THE TASK = Every line below must come back exactly as it stands, with the images omitted.

RECORDED DATA =
• • • • • • •

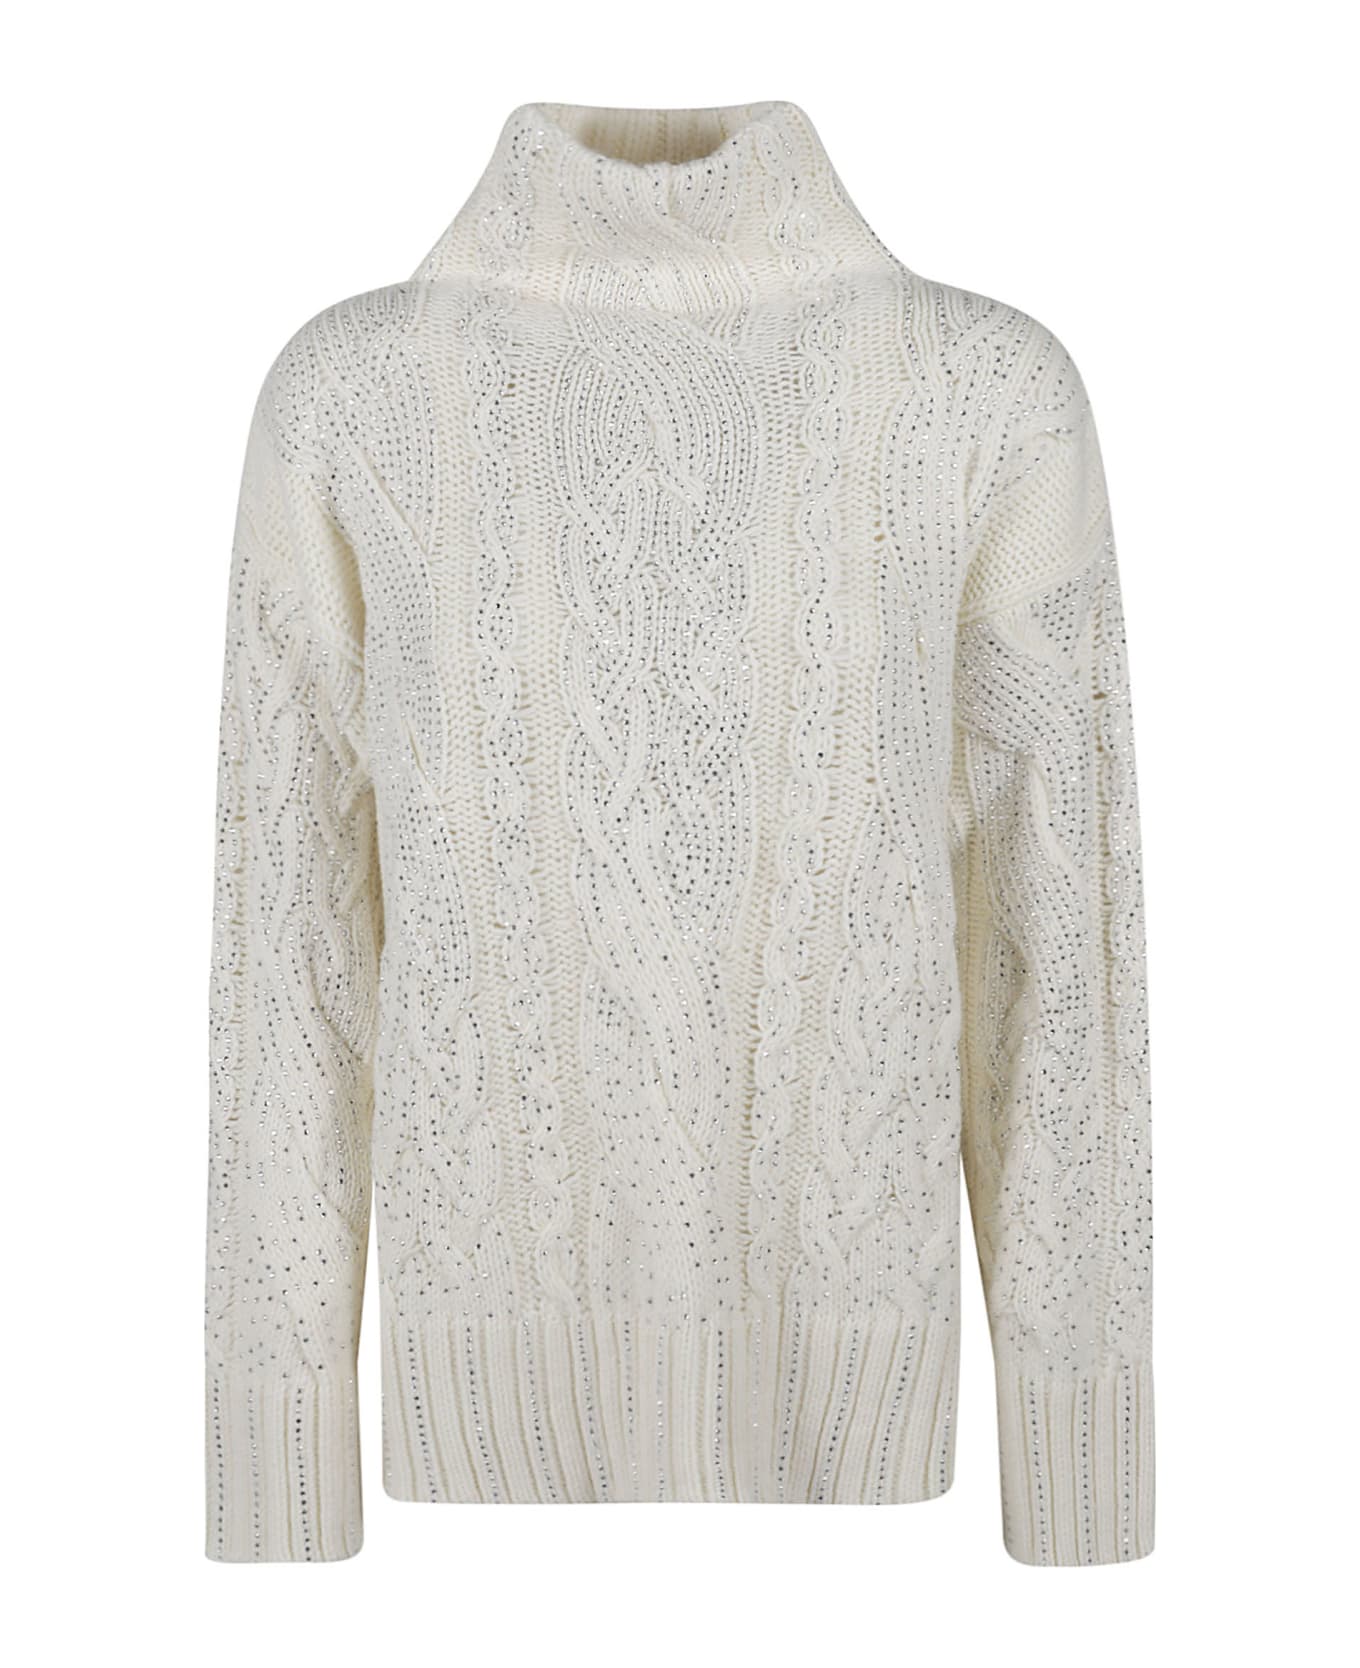 Ermanno Scervino All-over Crystal Sweater - Panna
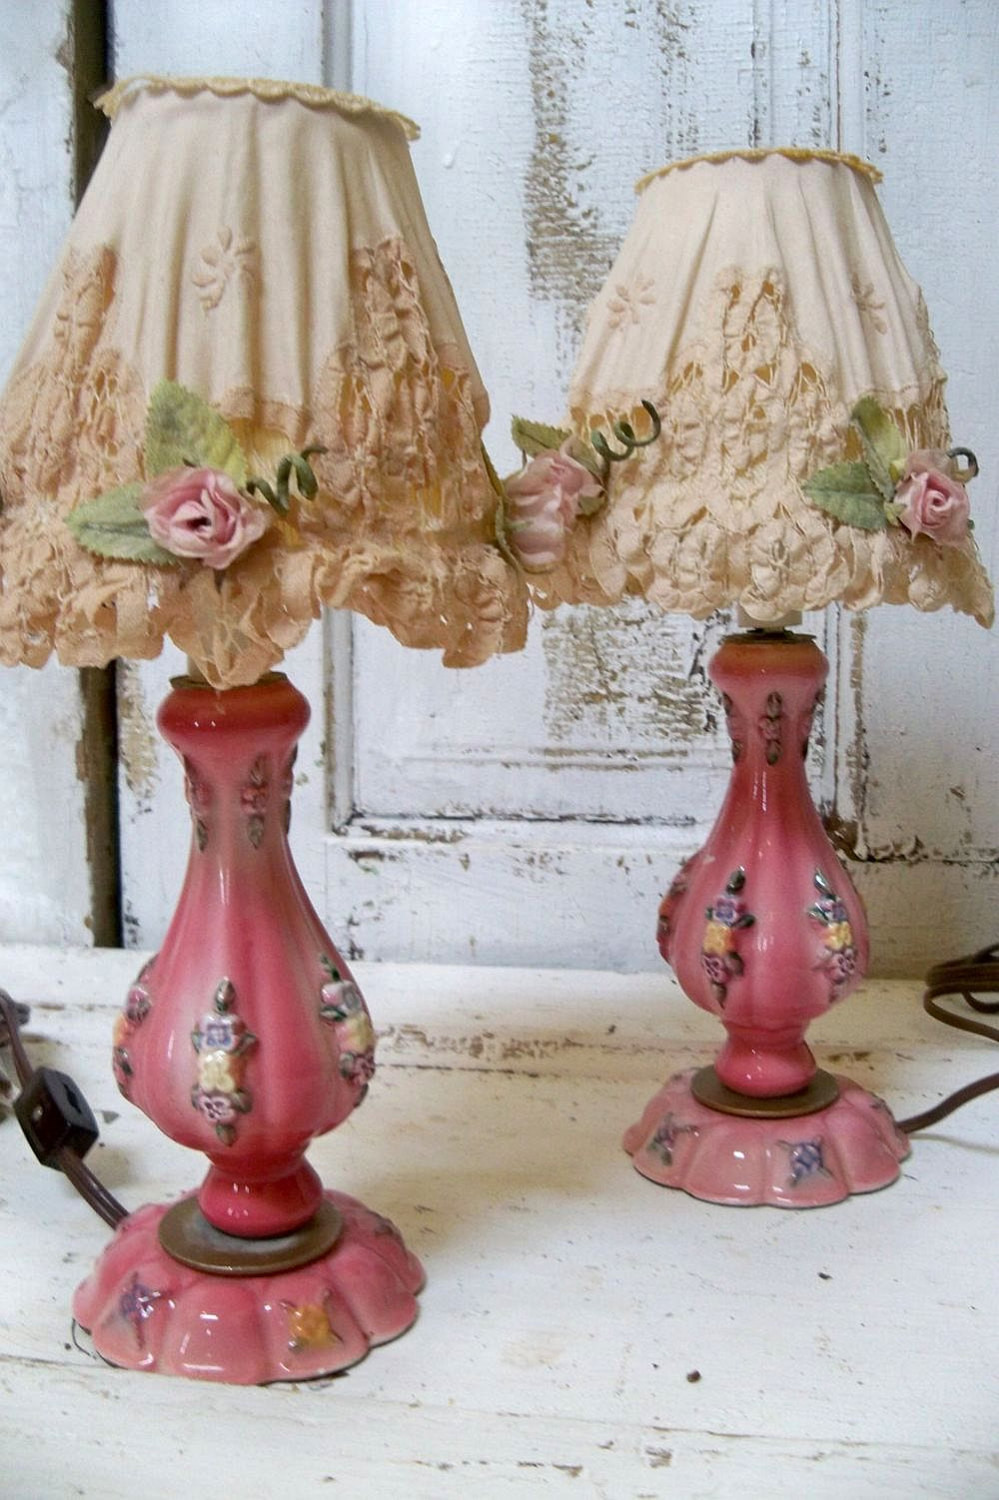 Shabby Chic Bedroom Lamp
 Shabby chic pink lamp set with embellished shades vintage
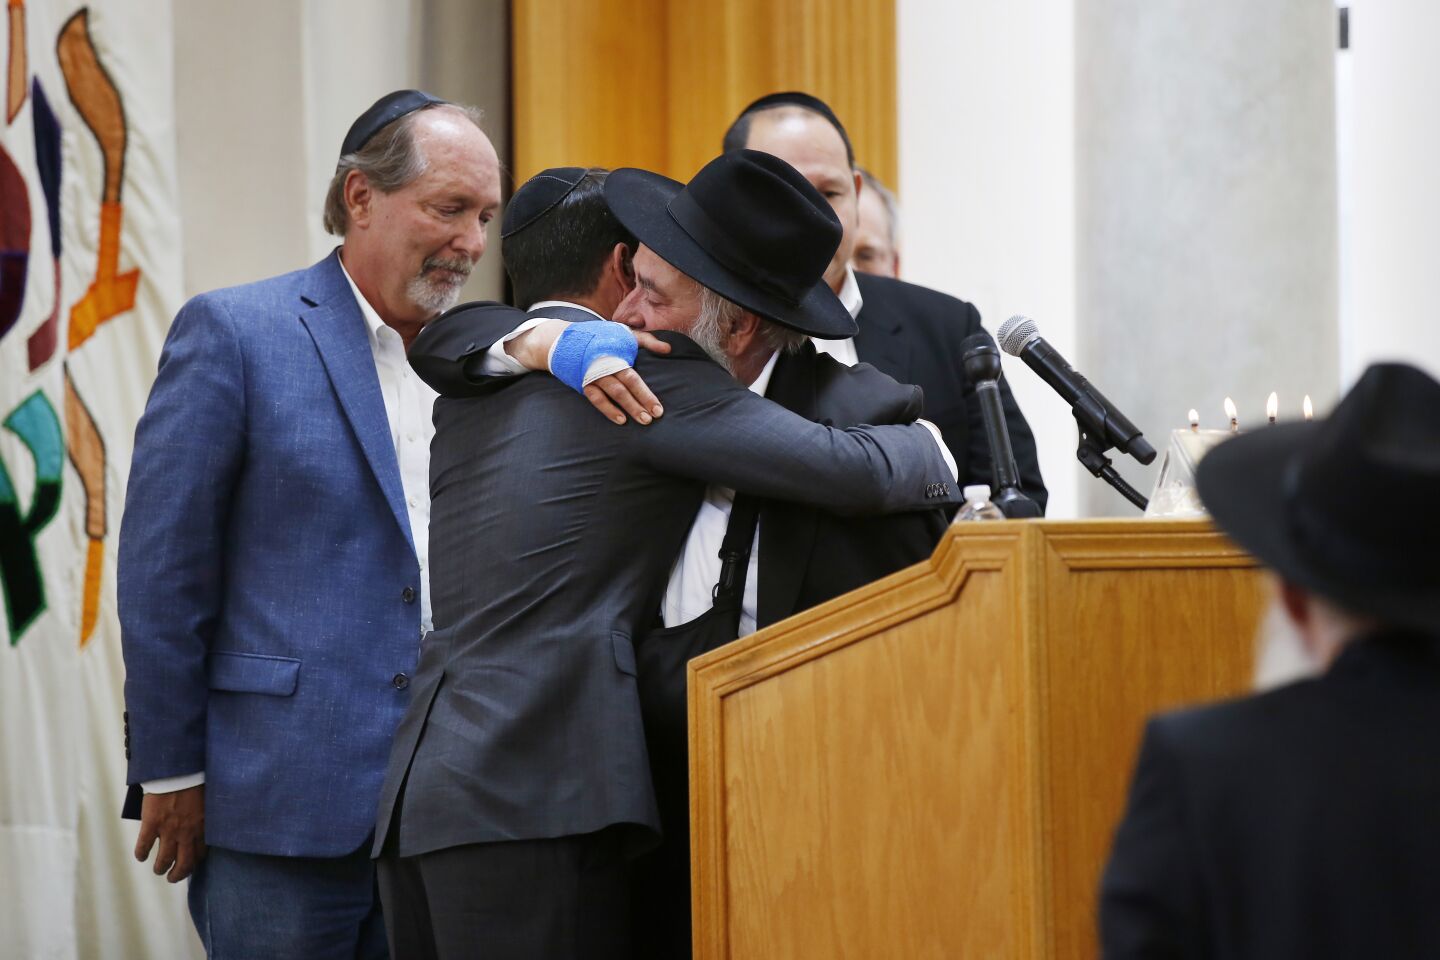 Oscar Stewart, left, who was called a hero in the Poway shooting, is hugged by Rabbi Yisroel Goldstein as Poway Mayor Steve Vaus, left, looks on during a service for Lori Gilbert-Kaye, 60, at the Chabad of Poway on April 28, 2019 in Poway, California. Gilbert-Kaye was killed by a gunman at the synagogue.

• • • • • • •

YOUR RESPONSE =
 Ermanno Scervino All-over Crystal Sweater - Panna
 Shabby Chic Bedroom Lamp
 Shabby chic pink lamp set with embellished shades vintage
 Oscar Stewart, left, who was called a hero in the Poway shooting, is hugged by Rabbi Yisroel Goldstein as Poway Mayor Steve Vaus, left, looks on during a service for Lori Gilbert-Kaye, 60, at the Chabad of Poway on April 28, 2019 in Poway, California. Gilbert-Kaye was killed by a gunman at the synagogue.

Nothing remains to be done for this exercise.